Google's Sentiment Analyzer Thinks Being Gay Is Bad (vice.com)
gooddogsgotoheaven shares a report from Motherboard: In July 2016, Google announced the public beta launch of a new machine learning application program interface (API), called the Cloud Natural Language API. It allows developers to incorporate Google's deep learning models into their own applications. As the company said in its announcement of the API, it lets you "easily reveal the structure and meaning of your text in a variety of languages." In addition to entity recognition (deciphering what's being talked about in a text) and syntax analysis (parsing the structure of that text), the API included a sentiment analyzer to allow programs to determine the degree to which sentences expressed a negative or positive sentiment, on a scale of -1 to 1. The problem is the API labels sentences about religious and ethnic minorities as negative -- indicating it's inherently biased. For example, it labels both being a Jew and being a homosexual as negative. A Google spokesperson issued the following statement in response to Motherboard's request for comment: "We dedicate a lot of efforts to making sure the NLP API avoids bias, but we don't always get it right. This is an example of one of those times, and we are sorry. We take this seriously and are working on improving our models. We will correct this specific case, and, more broadly, building more inclusive algorithms is crucial to bringing the benefits of machine learning to everyone."
So many of us already use "gay" and "jew" as derogatory terms. Is it any wonder that Google's NLP picked up on that? What source do you think it learned from?
In fairness, Google is marketing this API for a somewhat narrow purpose: Determining whether a customer left a *positive* or *negative* reaction to a customer's comment in your company support forums, for example, or attempting to determine customer reaction from support interactions.
This little fact is somewhat obfuscated in the summary, in which it seems to be billing it as a more general-purpose system that's making sweeping value judgements about society. Within this actual context, let's be honest, if you see those terms in your company's customer support forums, what do you think of the likelihood is of them being part of positive or negative comments? Yeah, exactly.
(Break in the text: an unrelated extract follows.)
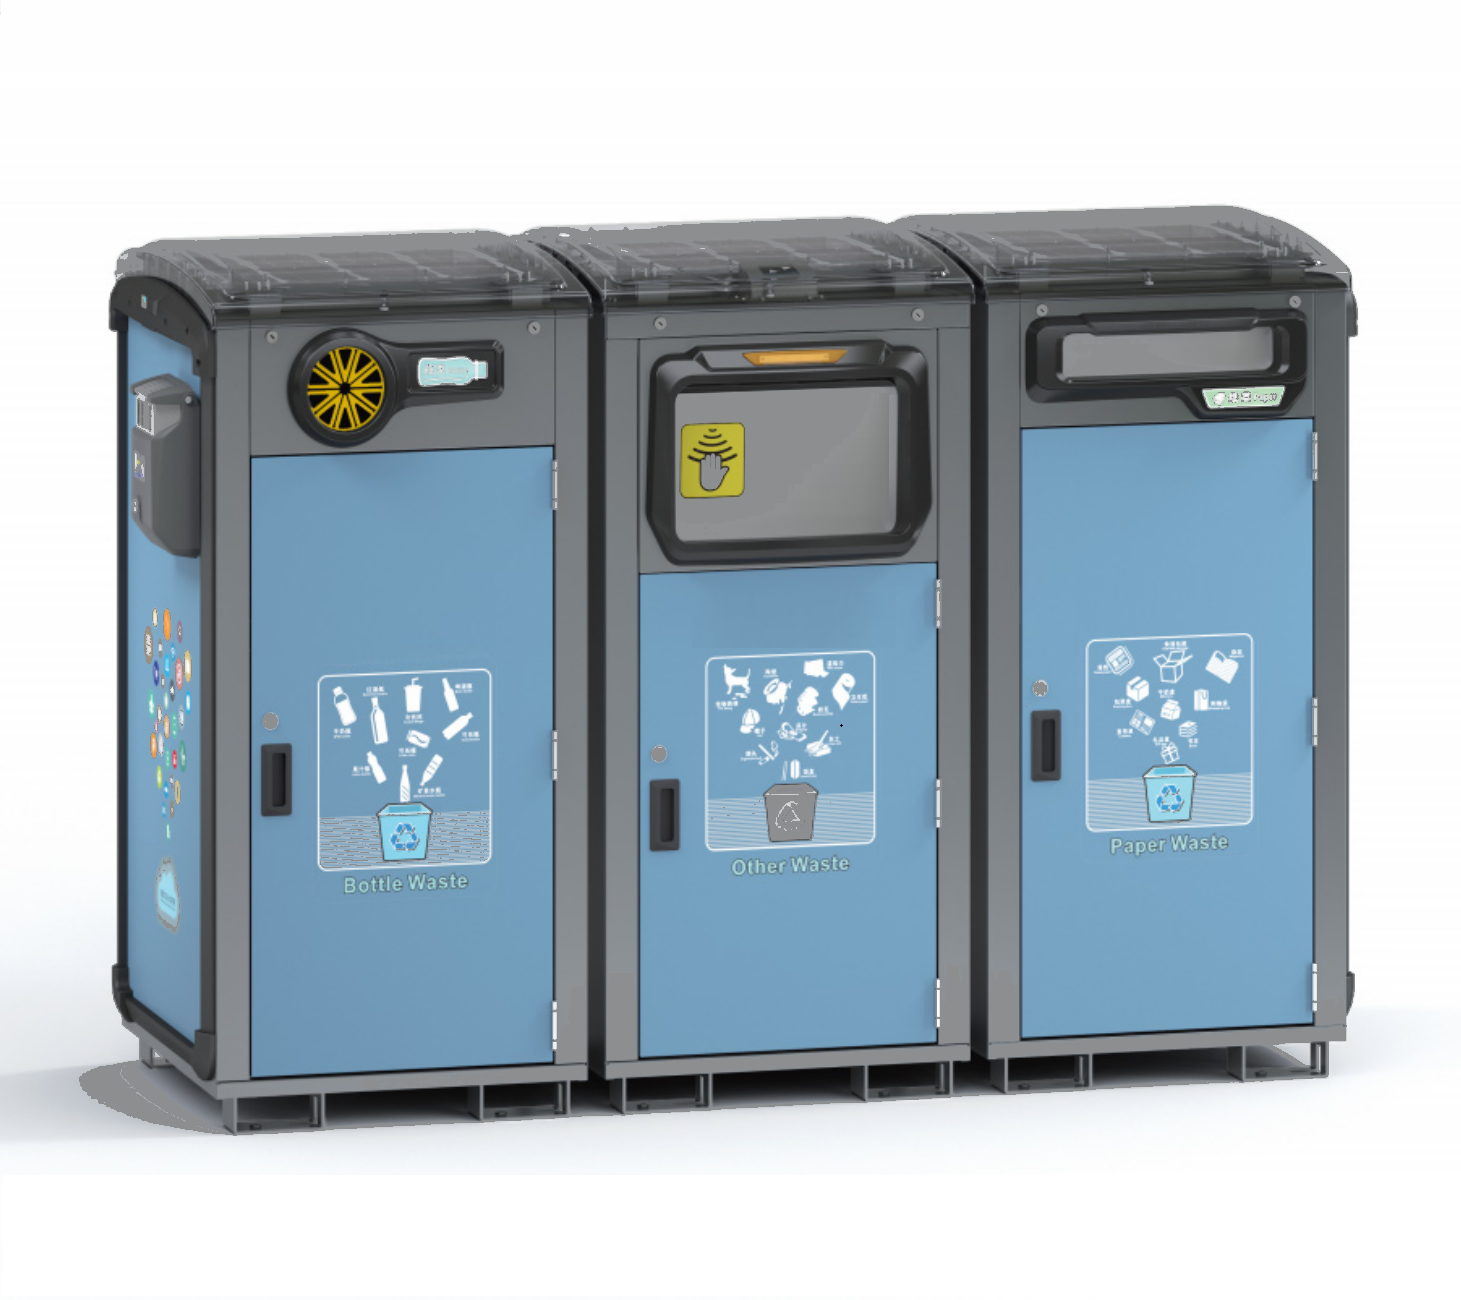 The solar compactor with bottle waste, other garbage and paper waste

The big mistake that Google made is not putting a politically correct filter on their API to make sure controversial words had a neutral value, even if that wasn't really the case. Otherwise, you generate flamebait headlines like we see here, wherein highly limited "AI" algorithms simply regurgitates the training material it was fed without any deep or sophisticated understanding.
Irony: Agile development has too much intertia to be abandoned now.